January 8, 2010

 

CBOT Soy Outlook on Friday: Seen lower on lingering China demand fears

 

 

Soybean futures at the Chicago Board of Trade are seen starting Friday's day session lower, pressured by lingering fears of slowing China demand.

 

CBOT soybean futures are seen starting 4 cents to 6 cents lower. In overnight trade, January soybeans were 5 3/4 cents lower at US$10.12, and March soybeans were 7 1/2 cents lower at US$10.18 1/2.

 

Follow-through selling from Thursday's losses amid concerns policy changes in China could damp Chinese soybean buying interest continues to place a bearish cloud over the market, a CBOT floor analyst said.

 

China's appetite for soybeans has been, and continues to be, the underpinning feature for U.S. soybean exports.

 

Rising South American production forecasts amid favorable weather conditions for developing crops is seen weighing on prices as well.

 

However, a drop in the U.S. dollar following a weaker-than-forecast report on December U.S. non-farm payrolls may provide some outside support to temper selling interest, analysts said.

 

Gold and silver futures have both rebounded from overnight losses, but crude oil futures have extended declines after the unexpected economic news.

 

Meanwhile, end-of-the-week short-covering as well as positioning ahead of anticipated index fund rebalancing buying and next week's crop reports are expected to lend support to prices during the session.

 

U.S. Department of Agriculture will release its final 2009 production forecast, supply and demand revisions and quarterly stocks reports Tuesday, 8:30 a.m.

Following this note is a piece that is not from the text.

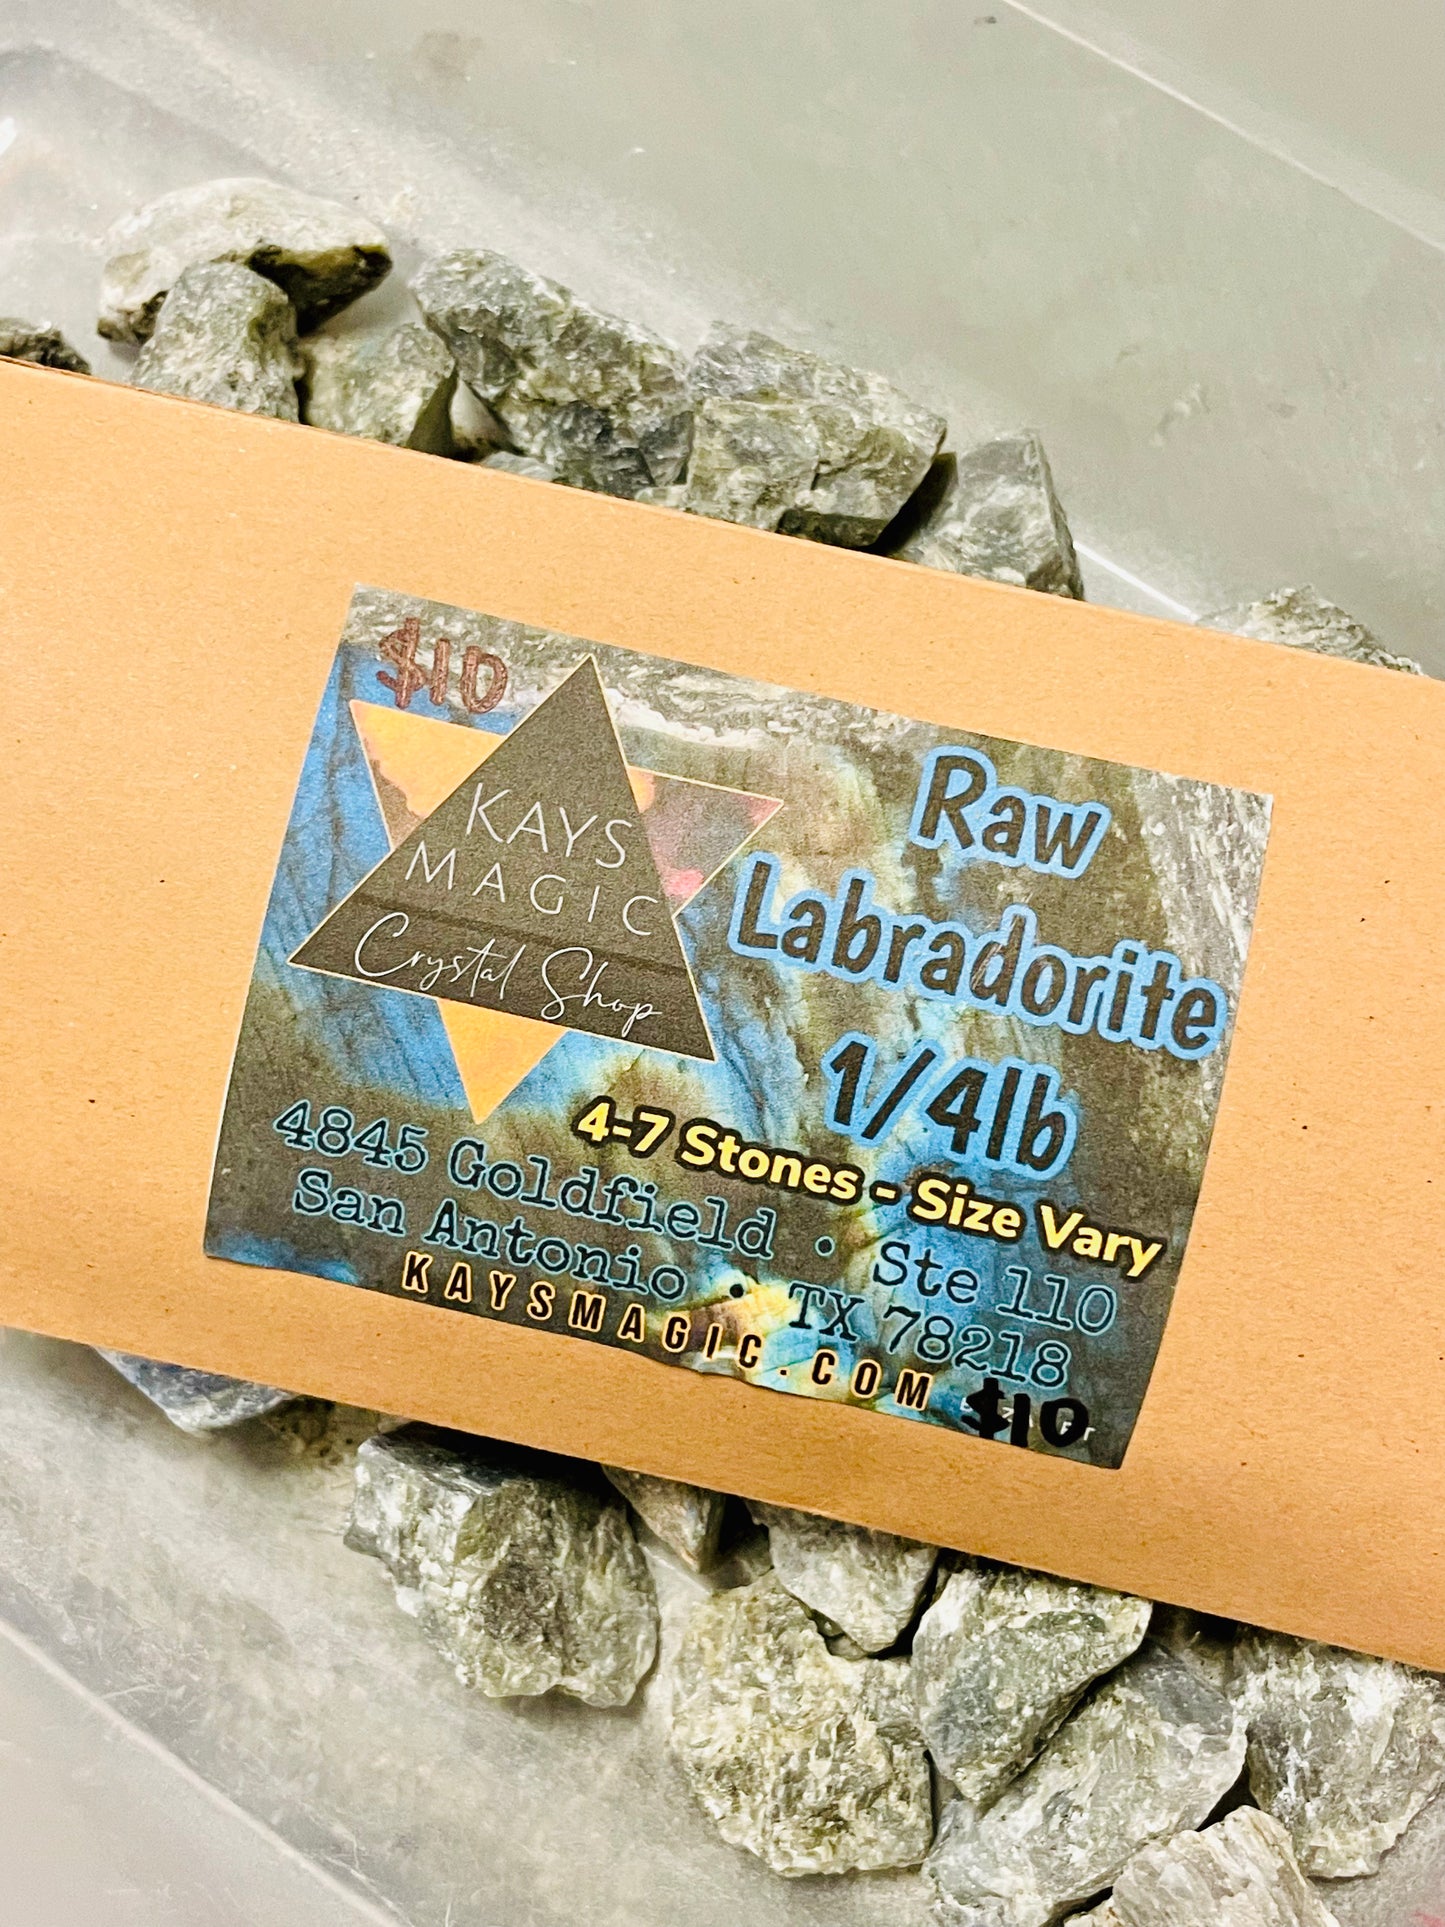 Labradorite, Raw, 1/4 lb Bulk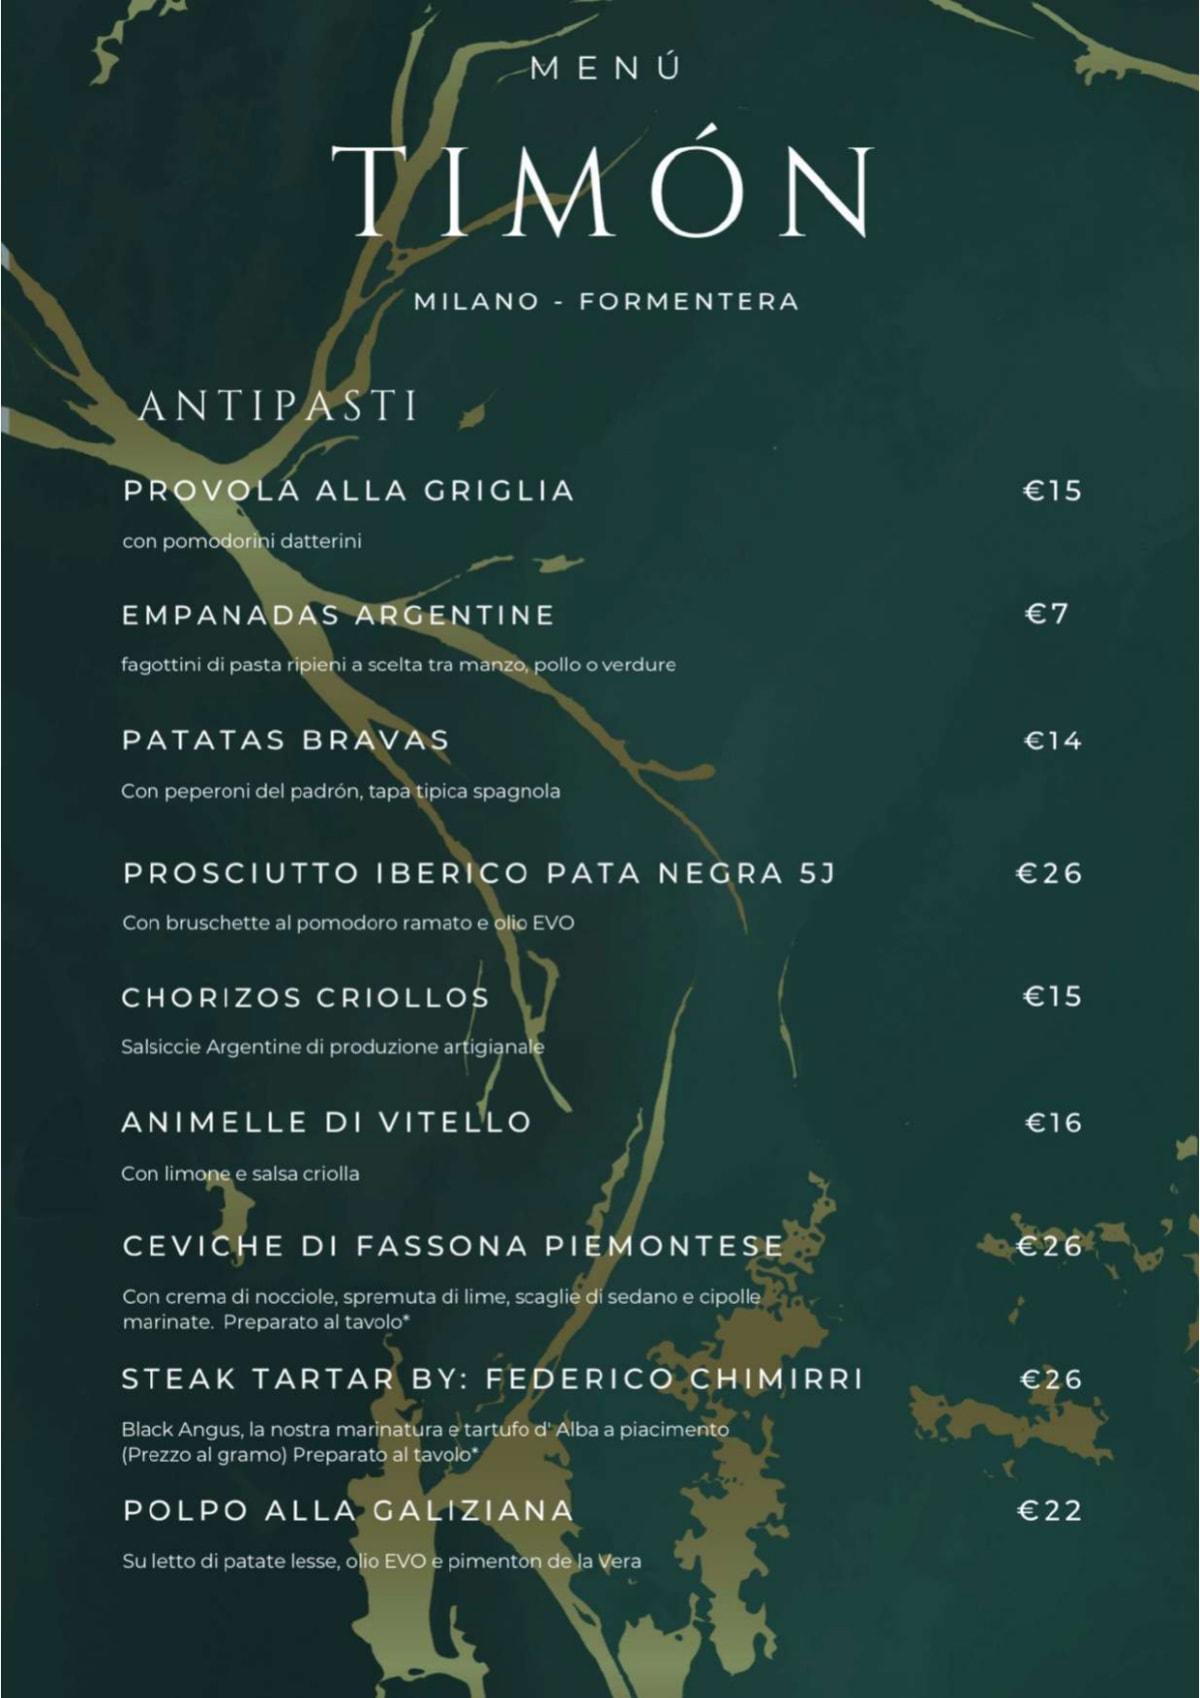 Timon Grill Milano menu

EST.

 

A technical analyst said the next upside technical objective for March soybeans is pushing and closing prices above solid technical resistance at the December high of US$10.84. The next downside price objective is pushing and closing prices below major psychological support at US$10.00.

 

In overseas markets, China's soybean futures traded on the Dalian Commodity Exchange settled lower Friday, extending Thursday's fall, after funds left the market amid expectations of a downward correction. The September 2010 soybean contract settled RMB90, or 2.2%, lower at RMB4,000 a metric tonne.

 

Cash soybean prices in China's major producing areas were mostly stable following the New Year holiday, supported by government purchases.

 

Meanwhile, China's soybean imports in December are likely to have reached an all-time high above 5 million metric tonnes, according to a report by the Ministry of Commerce Friday. The country imported 3.3 million tonnes of soybeans in December 2008.

 

Crude palm oil futures on Malaysia's derivatives exchange fell for the second consecutive day in choppy trade Friday as weaker crude oil prices dragged other commodities lower. The March contract on the Bursa Malaysia Derivatives ended MYR4 lower at MYR2,626 a metric tonne.